When contacted by VICE Games, Thomasnet_mc explained their process. If the Twitter account has the “password reset protect” option enabled, the user needs to correctly input the email address associated with the account in order for Twitter to send a password reset email. If the user puts in the wrong email address, Twitter won’t proceed to the next step. Thomasnet_mc managed to use public information to guess what the legitimate email might be and—voila—it included an actual and seemingly working nintendo.co.jp address. Twitter sent the password reset.
VICE Games was able to privately reproduce this same process.
With the legitimacy of the Mario account seemingly established, it’s not surprising people went searching for others, which is how we ended up with today’s NSFW F-Zero debacle.
The Twitter account @FZeroJP shared similar characteristics, with the password reset function surfacing an email address starting with “ml” and ending with @n*******.**.**. Plus? This year is the 30th anniversary for F-Zero, a chronically overlooked franchise by Nintendo. The last major F-Zero release was F-Zero GX for GameCube in 2003, which means it’s been nearly 20 years since the company touched the racing series. It seems due for an update.

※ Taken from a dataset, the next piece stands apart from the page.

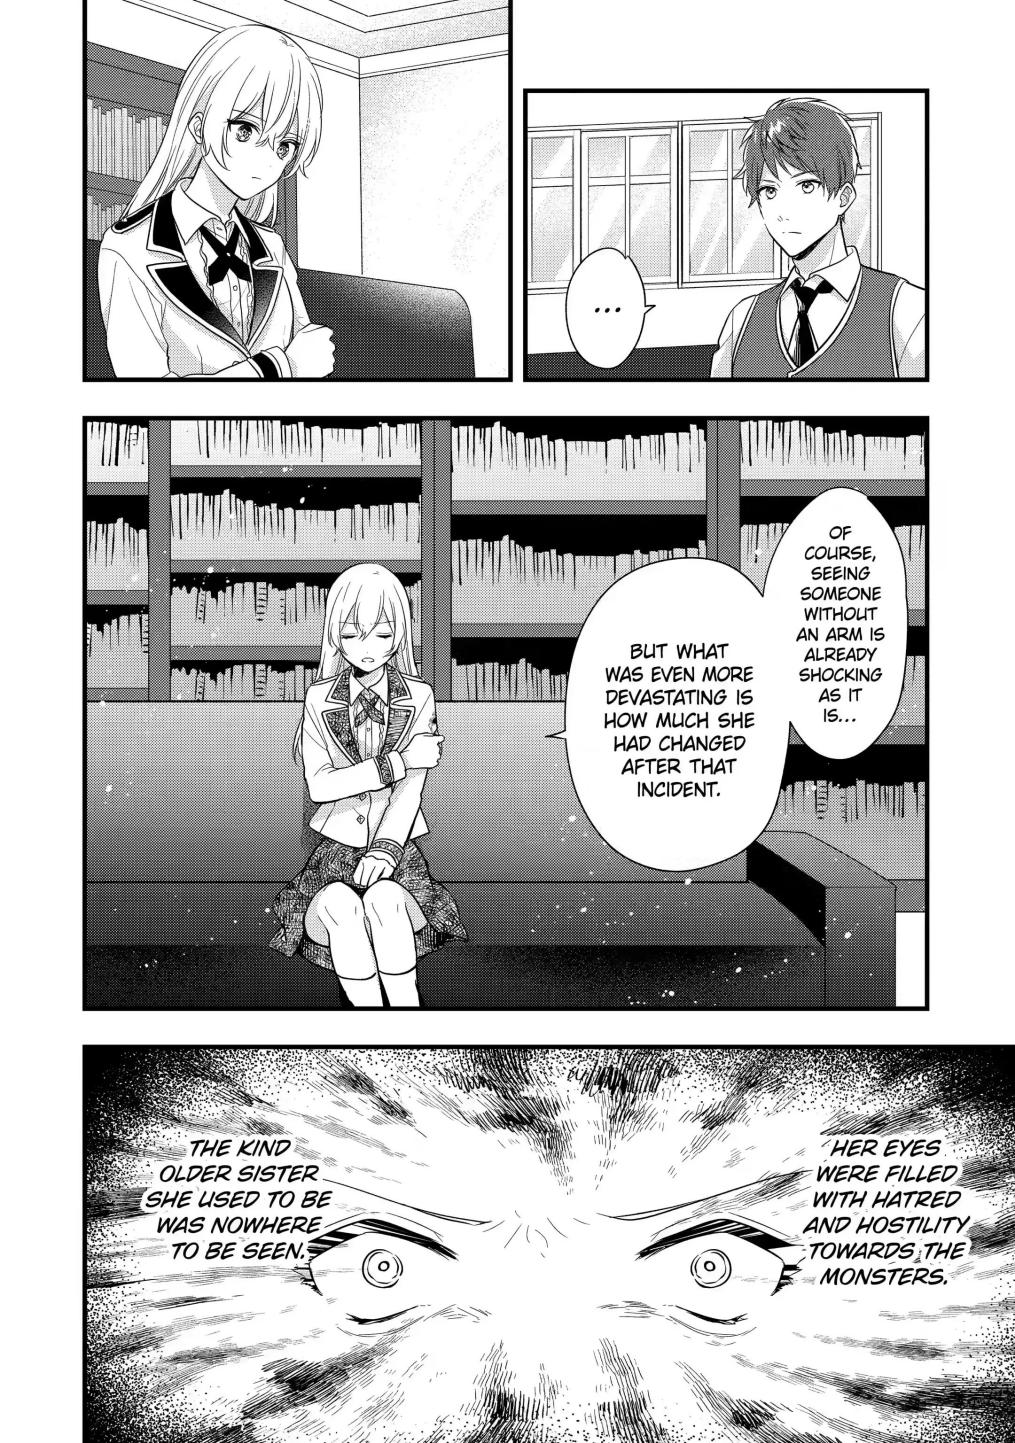 Demoted To A Teacher, The Strongest Sage Raises An Unbeatable Class - Page 1

This is how you end up with a bunch of news articles rumoring about a new F-Zero.
It’s also how you trick a bunch of anxious Nintendo fans. Earlier today, the account, registered back in March, broke its silence and tweeted a weird and vaguely pornographic video set to one of the most iconic musical bops from the original F-Zero soundtrack.
Thomasnet_vc, the same person who appeared to crack the code on the Mario account, was raising red flags about F-Zero from the start, and suspected someone was playing the fanbase. They were right.
“Please send any new accounts you found so I can check!” they shared on Twitter today.
If we know anything about Nintendo fandom, they’re bound to find a new rumor to obsess over soon, even if it’s not very reliable.